In the year ended December 31, 2009, we reviewed our estimates regarding a customer related intangible asset, and based upon the analysis, we reduced the estimated useful life from ten to seven years. We also accelerated the amortization of the asset based on the increased rate of attrition of the subscriber base. This acceleration resulted in an additional $1.2 million of amortization expense in the year ended December 31, 2009.
 
As a percentage of revenue, amortization expenses decreased to 2.5% for the year ended December 31, 2009 from 2.8% for the year ended December 31, 2008.
 
Background Screening Segment
 
OVERVIEW
 
Our loss from operations in our Background Screening segment decreased in the year ended December 31, 2009 as compared to the year ended December 31, 2008. We incurred a $6.3 million non-cash goodwill and long-lived asset impairment charge in the year ended December 31, 2009 compared to $13.7 million in the year ended December 31, 2008. The general economic slowdown has reduced overall hirings by our clients both in the US and the UK and, accordingly, the demand for our services. For example, the domestic unemployment rate, per the U.S. Bureau of Labor, has increased from 7.4% as of December 31, 2008 to 10.0% as of December 31, 2009. Our decreased revenue is due to reduced volume in our domestic operations, which negatively impacted our revenue. Our volume decreased 14.0% in the year ended December 31, 2009 from the prior period in our domestic operations. In the UK, our volume in the year ended December 31, 2009 decreased 52.4% than in the comparable period. We are continuing efforts to make reductions in our costs to offset the declining revenue.
 
                                 
    Years Ended December 31,  
    2008     2009     Difference     %  
 
Revenue
  $ 27,843     $ 18,462     $ (9,381 )     (33.7 )%
Operating expenses:
                               
Cost of revenue
    16,644       11,687       (4,957 )     (29.8 )%
General and administrative
    14,656       10,819       (3,837 )     (26.2 )%
Goodwill, intangible and long-lived asset impairment charges
    13,715       6,310       (7,405 )     (54.0 )%
Depreciation
    946       858       (88 )     (9.3 )%
Amortization
    505       392       (113 )     (22.4 )%
                                 
Total operating expenses
    46,466       30,066       (16,400 )     (35.3 )%
                                 
Loss from operations
  $ (18,623 )   $ (11,604 )   $ 7,019       37.7 %
                                 
 
Revenue.  Revenue decreased 33.7% to $18.5 million for the year ended December 31, 2009 from $27.8 million for the year ended December 31, 2008. The revenue decrease is primarily attributable to a reduction in domestic revenue of $3.0 million and UK revenue of $6.4 million.

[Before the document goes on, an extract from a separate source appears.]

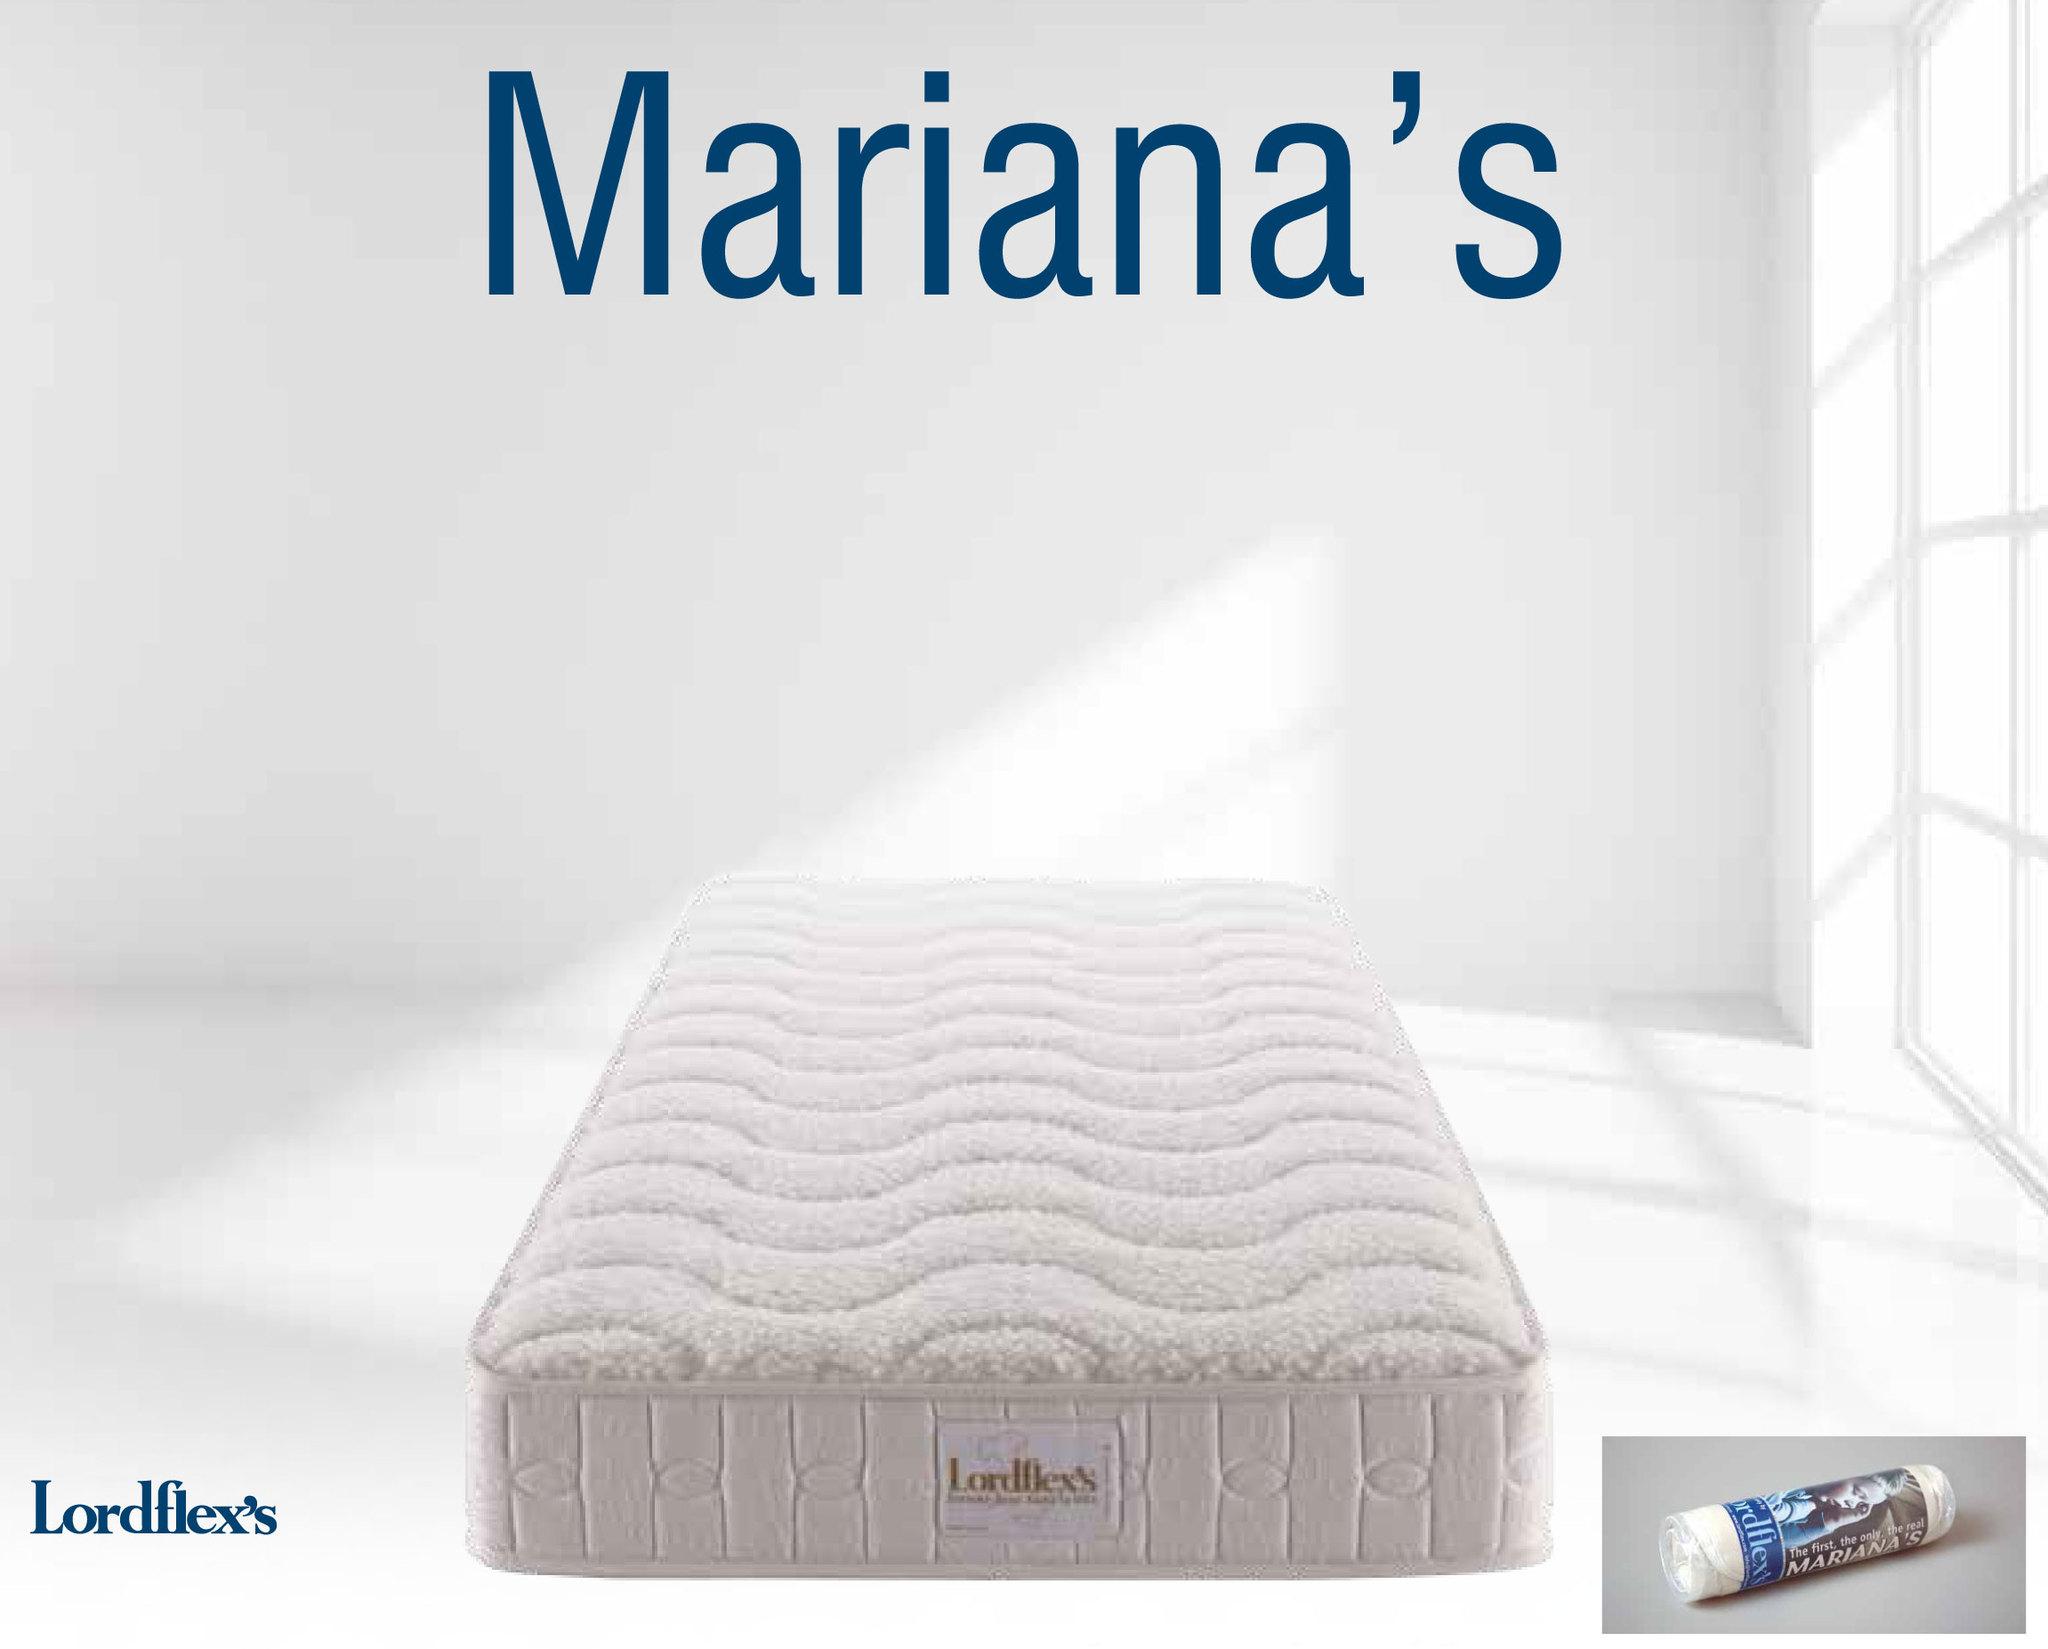 Матрасы Матрас ортопедический Lordflex's Mariana's 170х190 до 140 кг 1_Mariana_s.jpg

The reduction in revenue is mainly due to a decrease in volume. The general economic slowdown has reduced overall hiring by our clients and, accordingly, the demand for our services. Therefore, our revenue is growing at a slower rate than we anticipated at the start of the year. This is particularly true in the UK where a significant portion of our clients are in the financial services industry.
 
Cost of Revenue.  Cost of revenue consists of the costs to fulfill background screens and is composed of direct labor costs, consultant costs, database fees and access fees. Cost of revenue decreased 29.8% to $11.7 million for the year ended December 31, 2009 from $16.6 million for the year ended December 31, 2008. Cost of revenue decreased due to reductions in database and fulfillment costs of $2.5 million and a reduction of $437 thousand in domestic labor costs primarily due to decreases in volume. Volume has also decreased in the UK and labor costs have been reduced by $2.0 million as a result of ongoing cost management and productivity initiatives.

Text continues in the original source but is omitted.